Une sorte de paradoxe que de faire l'éloge de
la technologie le dimanche, alors que la technologie est le métier de
l'ingénieur, dont le nom a la même étymologie qu' "engigner" : le
diable, raconte-t-on, engigna la mère de Merlin l'enchanteur, en vue de
faire un pendant à Jésus Christ, de faire un fils qui perdrait
l'humanité (mais un prêtre présent baptisa l'enfant à la naissance, de
sorte qu'il perdit sa "malice", ne gardant que des pouvoirs surnaturels.
Vive la technologie ? La technologie permet la réalisation de l'utopie qu'est la science quantitative. D'accord, mais plus précisément ?
La technologie, c'est l'activité qui cherche à appliquer les sciences quantitatives pour perfectionner les techniques. C'est un métier très particulier, et très extraordinaire puisqu'il transforme des connaissances en objets nouveaux du monde. Ces temps-ci, une partie frileuse du public refuse les avancées technologiques, les innovations techniques (et, même, frémit à l'idée que la science poursuive son travail). Pourtant ces mêmes frileux utilisent des ordinateurs, des voitures, prennent le train, l'avion, se brossent les dents avec des dentifrices dont ils ignorent tout de la constitution (pourtant bien perfectionnée par la technologie), portent des lunettes dont les verres sont des chefs-d'œuvre techniques...
Oublions donc ceux-là pour le moment et concentrons-nous sur la technologie. Elle doit être un état d'esprit, comme je vais essayer de le montrer avec un exemple personnel. Un exemple qui a l'inconvénient d'être personnel (pardon, le moi est haïssable), mais qui, de ce fait, a l'avantage d'être attesté (alors que beaucoup de ce que l'on entend est douteux, de seconde main, etc.).
Cela se passe dans les années 1980 : ayant compris que les protéines sont d'excellents tensioactifs, qui permettent donc de faire des émulsions, je vois une feuille de gélatine sur ma paillasse, au laboratoire. La gélatine ? C'est une matière faite de protéines. Peut-on donc faire une émulsion à partir d'eau, de gélatine et d'huile ? L'expérience n'est ni difficile ni longue, et la réponse est immédiatement donnée : on obtient une émulsion.
Toutefois on n'a pas fait là une grande découverte scientifique, et une saine méthode scientifique doit nous pousser à quantifier les phénomènes, en l'occurrence à caractériser quantitativement l'émulsion. Un microscope fut donc utilisé : apparurent des gouttelettes d'huiles dispersées dans l'eau.
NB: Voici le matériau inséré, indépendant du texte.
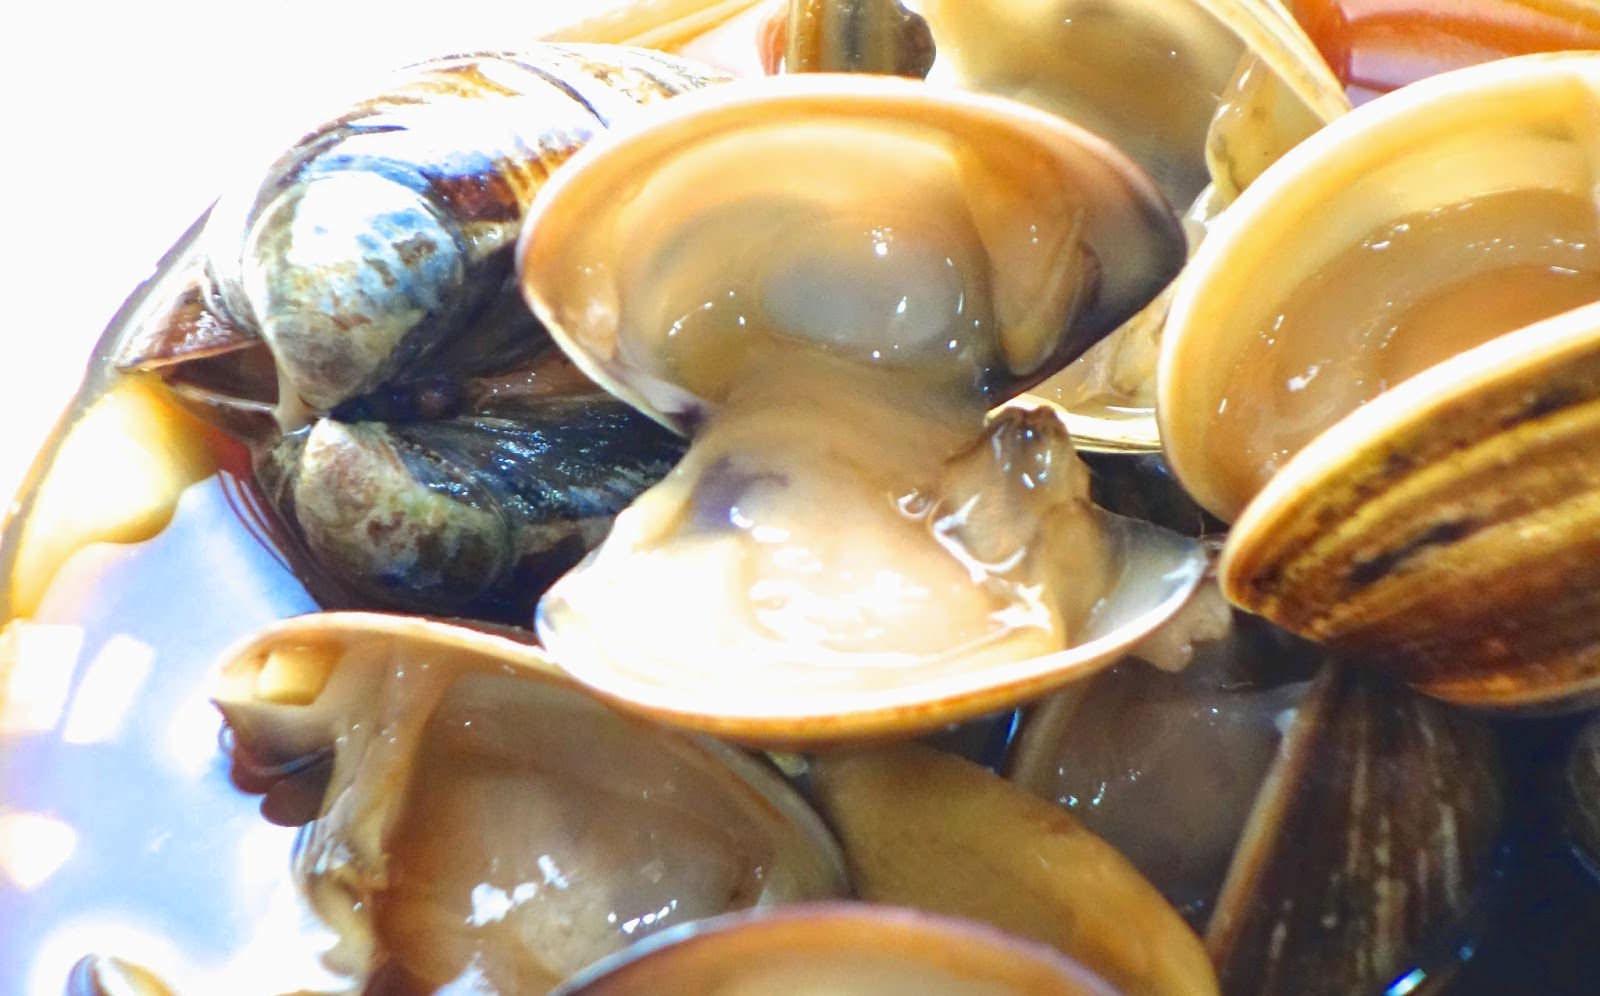 「 3 分鐘教你用冷凍法學會鮮醃蛤蜊」簡單小技巧,讓蛤蜊更肥美鮮甜!
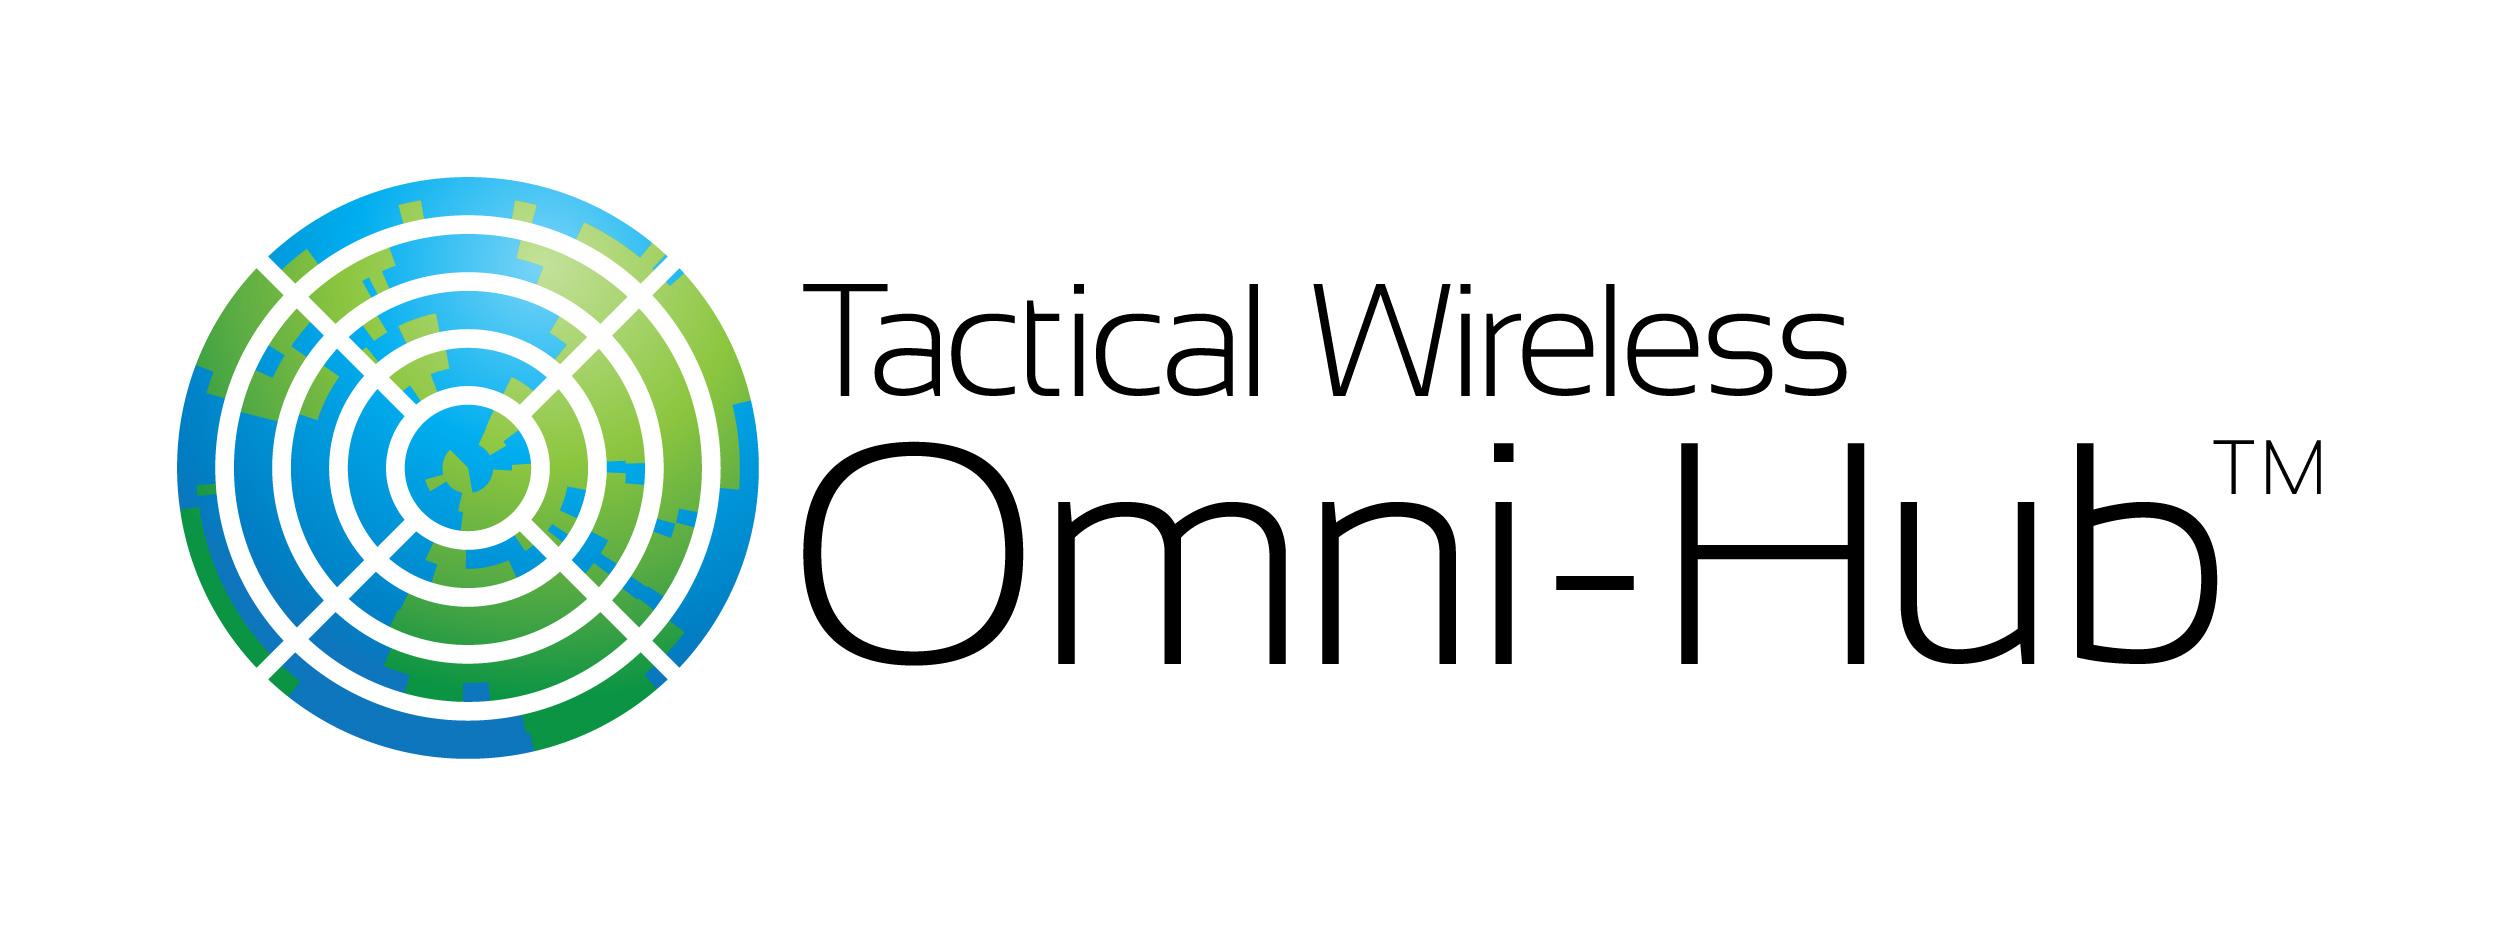 TW logo - Defence Online

Sur de telles images, les molécules de gélatine n'apparaissent pas, évidemment, mais on sait (pour 1000 raisons chimiques) qu'elles sont soit aux interfaces, soit dissoutes dans l'eau. Où sont-elles ? Il faut passer du temps à cette question, répéter l'expérience, regarder, regarder encore et... ... soudain, on voit deux gouttelettes d'huile voisines fusionner, puis deux autres, deux autres, et ainsi de suite, mais contrairement à une coalescence telle qu'il s'en produirait si l'on avait fouetté de l'huile dans l'eau pure, la coalescence particulière des émulsions d'huile dans l'eau stabilisées par de la gélatine cesse de coalescer à partir un certain moment.
Voici l'état final :
Pourquoi ? Parce que l'émulsion est prise dans un gel physique.
Une émulsion prise dans un gel physique ? Et si l'on en faisait de la cuisine ? Cela, c'est mon invention des « liebigs » (du nom du chimiste allemand Justus von Liebig, évidemment).
Remplaçons l'eau par un liquide qui a du goût, ajoutons de la gélatine, ou tout autre composé qui permettra à la fois une émulsification et une gélification physique, utilisons de l'huile ou tout autre corps gras sous forme liquide, et nous pourrons reproduire l'expérience, obtenir une espèce de sauce nommée liebig, un nouveau système, tout comme l'ont été mayonnaise, crème fouettée, parmentier, caramel, etc..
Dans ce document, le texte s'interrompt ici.